The weird thing is that I CAN inmod the eepro100.o module, wich is an alternative driver for my networkcard. They should work but they don't.

I also tried a realtec networkcard but than I get the same erros (but now with the 8139 driver)

----------

## seand

in your /etc/conf.d/net file, what is your iface setting?

EG - if you use dhcp, iface should be uncommented for dhcp and the defaulted one that sets the iface_eth0="..." should be commented out...

then take down your networking, and bring it back up.

im going on the assumption that you are using dhcp...is that an accurate assumption?

----------

## mariourk

I don't use dhcp, I have set a IP-address myself (192.168.0.2) and dhcp is commented out. 

Come on! I have done this so often, I am VERY SURE that all the settings are correct!!

----------

## D. M. P. inc

dnt get mad @ us. 

i do tell my self i do this things all the time. 

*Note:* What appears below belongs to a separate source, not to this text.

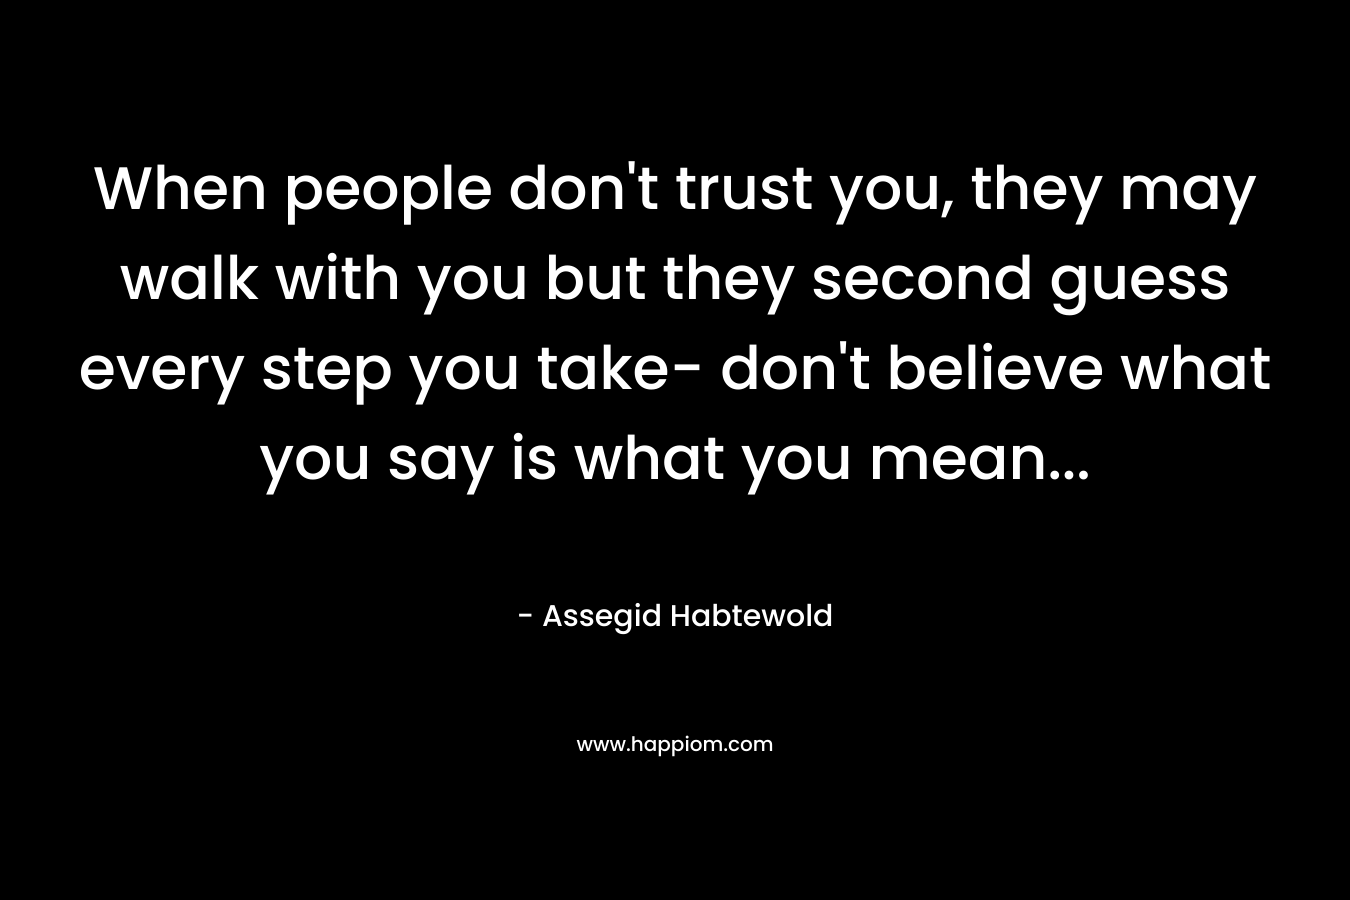 When people don't trust you, they may walk with you but they second guess every step you take- don't believe what you say is what you mean...

my last thing is manually do ur network setup.

----------

## NeddySeagoon

mariourk,

Post the output of  /sbin/ifconfig eth0 and /sbin/route so we can all see whats going on.

----------

## mariourk

Sorry guys, I just got a little frustrated overhere.  :Sad: 

You guys are trying to help me and Iam greatfull for that   :Very Happy: 

I just see that there are Linux driver available for the Gigabit chip I spoke about.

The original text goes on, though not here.